Оливия вздернула подбородок:
– В таком случае я хочу тебя кое о чем попросить. Я пришлю тебе записку через пару недель, если мои женские дни не придут вовремя. А если придут… что ж, я понимаю, наш разлад не освобождает меня от обязанности родить тебе наследника. Но прошу тебя, дай мне немного побыть одной. Мне… мне будет легче видеть тебя спустя некоторое время.
Его наследник. Во всей этой кутерьме он совсем упустил из виду такую возможность. Быть может, уже сейчас она носит под сердцем их дитя.
И снова она выбила его из равновесия. Он мог бы поклясться, что ничем не выдал своего душевного волнения, но, по-видимому, она читала его как открытую книгу. Взгляд ее сделался пустым и холодным, словно скованное льдом озеро.
Развернувшись, Оливия похромала прочь. Лакей помог ей забраться в карету, и она плавно тронулась с места.
Дейн смотрел, как вереница карет покатила по длинной подъездной аллее и скрылась из виду за поворотом. Сзади подошли Нейт со Стентоном.
– Ну что, трогаем?
Дейн кивнул. Его поклажу уже вынули из кареты и привязали к седлу.

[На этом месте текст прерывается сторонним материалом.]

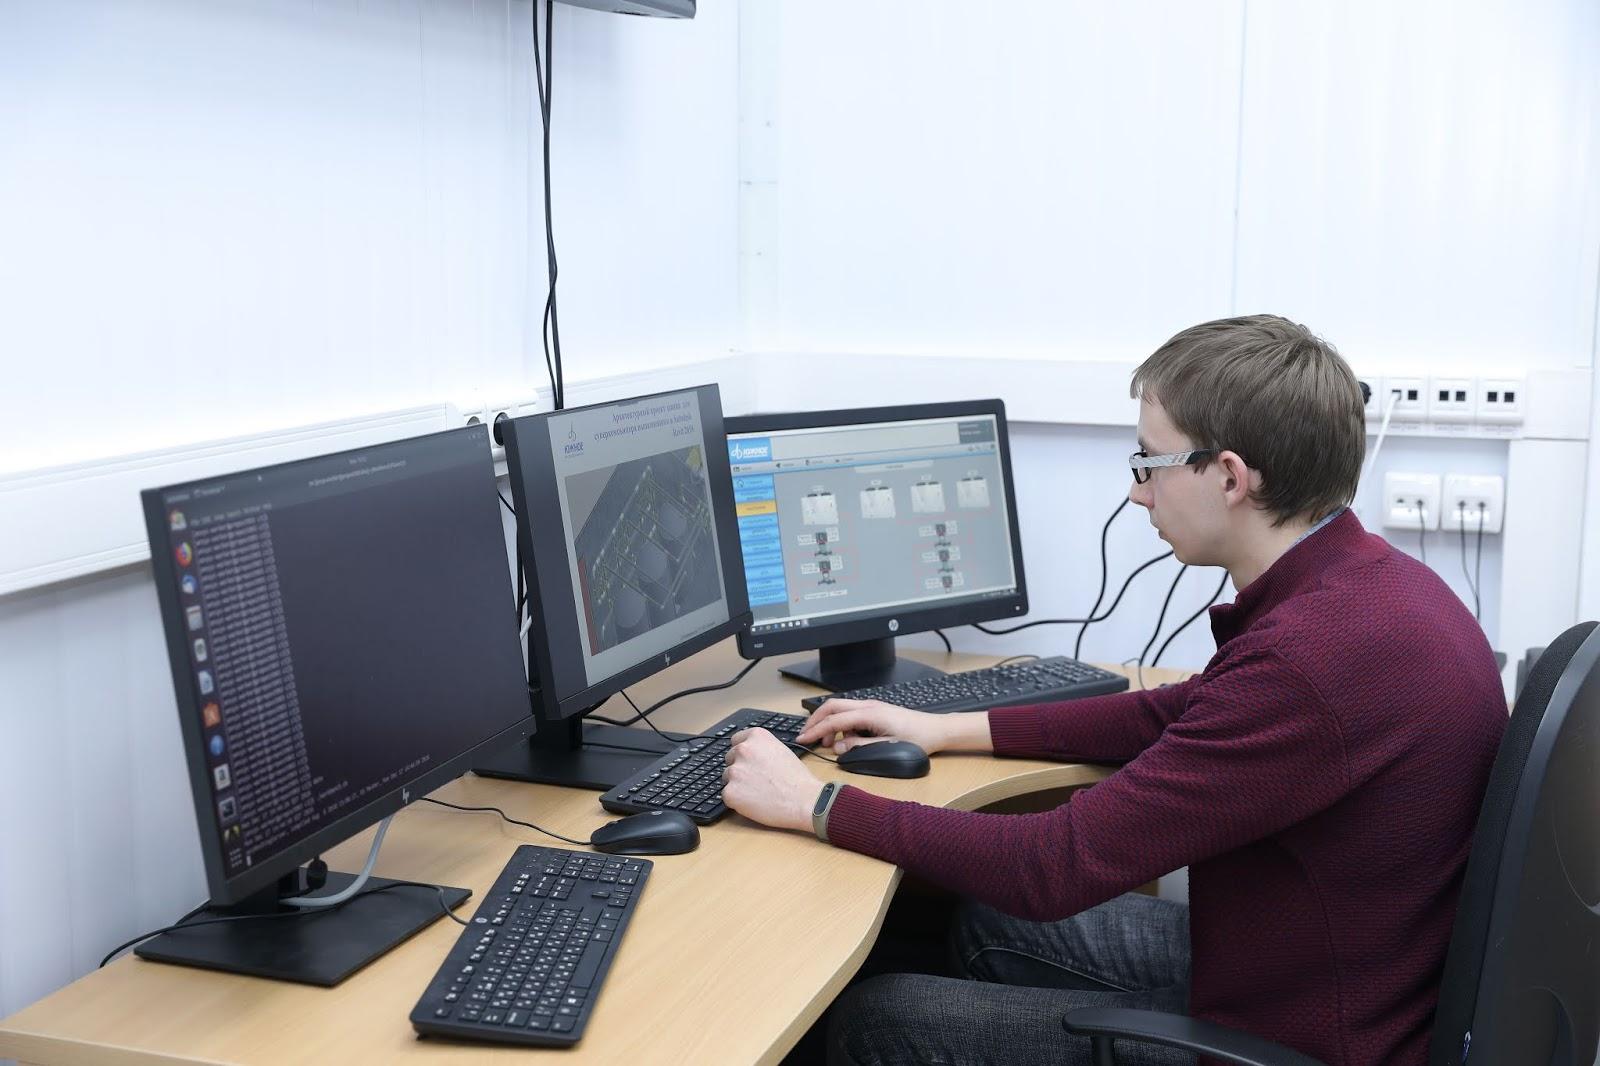 Кб «Південне» відкрило новий обчислювальний центр

Молча взяв поводья Галаада, он сел в седло и присоединился к остальным, потрусив по подъездной аллее.
В разлуке с Оливией из его головы выветрится вся шелуха, а разум обретет покой. Да, так оно и будет.
В свое время.
Физическая больтолько помогала прояснить мысли. После каждого подпрыгивания кареты на ухабах по бедру Оливии снова прокатывался бурный поток нестерпимой боли. Подвеска у кареты была самой лучшей, какую можно только купить за деньги, да и Эррол поклялся везти ее со всей осторожностью, но теперь она поняла, что сглупила, решив путешествовать. Последние несколько часов были сущим адом. До Челтнема осталось еще часа три-четыре. Ей ни за что их не пережить.
Глупая гордыня и отчаяние толкнули ее на то, чтобы объявить себя здоровее, чем она была на самом деле. Ее пугала перспектива пролежать в кровати еще несколько дней, пока Петти изводит ее своей заботой, а Дейн расхаживает где-то по дому. Невыносимо было ощущать его присутствие, но не видеть его, зная то, что ей открылось…
Она слышала каждое слово из его рассказа об отце и поняла, что надежды нет. Дейн считал любовь слабостью, болезнью, позорным пятном, которое надо смыть с души.
Она лежала там, слушала и понимала, что ей не нужна такая любовь, на которую способен Дейн.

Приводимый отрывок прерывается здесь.